3. Кордоны на дорогах (1955-1958 гг.)
3. Кордоны на дорогах (1955-1958 гг.)
В течение 1954, 1955 и первой половины 1956 гг. были сняты с учета по спецпоселению, но без права возвращения к прежним местам жительства, все немцы, крымские татары, калмыки и балкарцы. Под подозрением у власти дольше других находились карачаевцы, чеченцы и ингуши. Правда, «поблажки», как мы помним, были сделаны и им 9 мая 1955 г. Постановлением Президиума ЦК КПСС были ликвидированы ограничения для членов КПСС1. Все эти принципиальные и в меру осторожные политические действия совпали по времени с массовым приливом нового населения в районы освоения целинных и залежных земель. В бурлящем котле социальных страстей и групповых конфликтов возникли новые потенциально конфликтные группы освобожденные от полицейского контроля, но лишенные (до 1957 г.) права вернуться на родину репрессированные народы. Сегодня можно только предполагать, в каком направлении развивалась бы конфликтная ситуация на целине, если бы за снятием ограничений по спецпоселению довольно быстро не последовало другое решение о восстановлении автономий большинства депортированных народов (кроме немцев Поволжья и крымских татар), что несколько разрядило ситуацию.
Судьба чечено-ингушской автономии на Северном Кавказе какое-то время висела на волоске. Во всяком случае, «главный полицейский» страны, новый министр внутренних дел Дудоров, позволил себе весьма скептически отозваться о перспективах чечено-ингушской автономии на Северном Кавказе. Будучи «варягом», человеком, пришедшим в «органы» извне, но зато близким к новому руководству страны, Дудоров, очевидно, почувствовал колебания в ЦК КПСС. Может быть, поэтому он и стал доказывать нецелесообразность восстановления чечено-ингушской автономии на Северном Кавказе. «Учитывая, что территория, где проживали до выселения чеченцы и ингуши, - писал Дудоров в июне 1956 г., в настоящее время в основном заселена, возможность восстановления автономии для чеченцев и ингушей в пределах прежней территории является делом трудным и вряд ли осуществимым, так как возвращение чеченцев и ингушей в прежние места жительства неизбежно вызовет целый ряд нежелательных последствий». Взамен предлагалось чисто бюрократическое решение создать автономную область (даже не республику) для чеченцев и ингушей на территории Казахстана или Киргизии243.

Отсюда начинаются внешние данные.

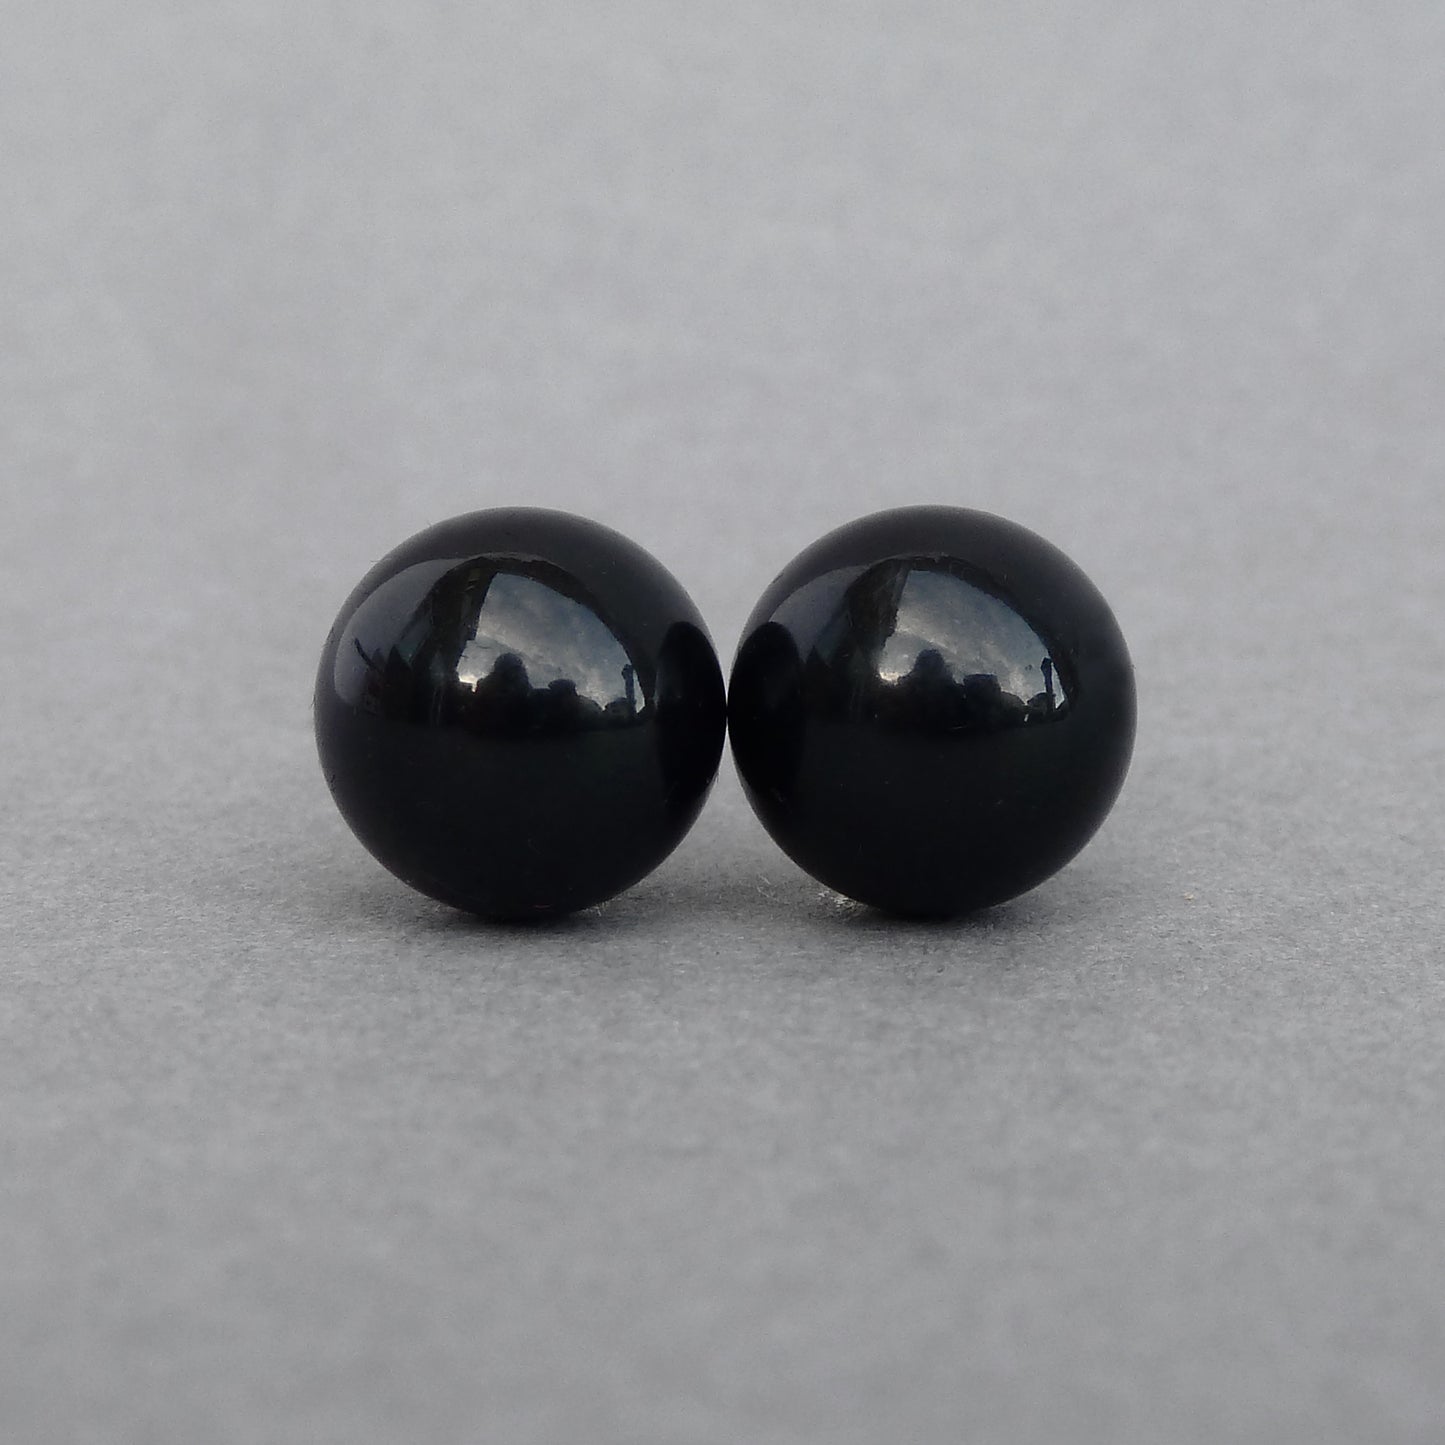 Large jet black stud earrings

В конце концов, проект новичка-министра не понравился Хрущеву. Это и неудивительно. Даже с чисто утилитарной, полицейской, точки зрения оставлять чеченцев и ингушей в Казахстане, в районах массового освоения целинных и залежных земель, а только там были свободные территории для организации автономии, было не менее опасно, чем возвращать их на родину. В Казахстан постоянно прибывали новые пополнения целинников и строителей, обстановка там становилась все более взрывоопасной. Уже разразились первые насильственные конфликты на этнической почве, наиболее активными участниками которых были приезжие русские и чеченцы. Обладая высокой внутренней самоорганизацией, сохраняя и в ссылке традиции мюридов (иерархически организованные мусульманские религиозные братства, а перед войной в Чечено-Ингушской АССР в них , по оценке НКВД СССР, состояло около 20 тысяч человек2) эти этносы, только что пережившие стресс депортации и ссылки, на натиск новой переселенческой волны из России в Казахстан были способны ответить (и в ряде случаев ответили) встречной агрессией.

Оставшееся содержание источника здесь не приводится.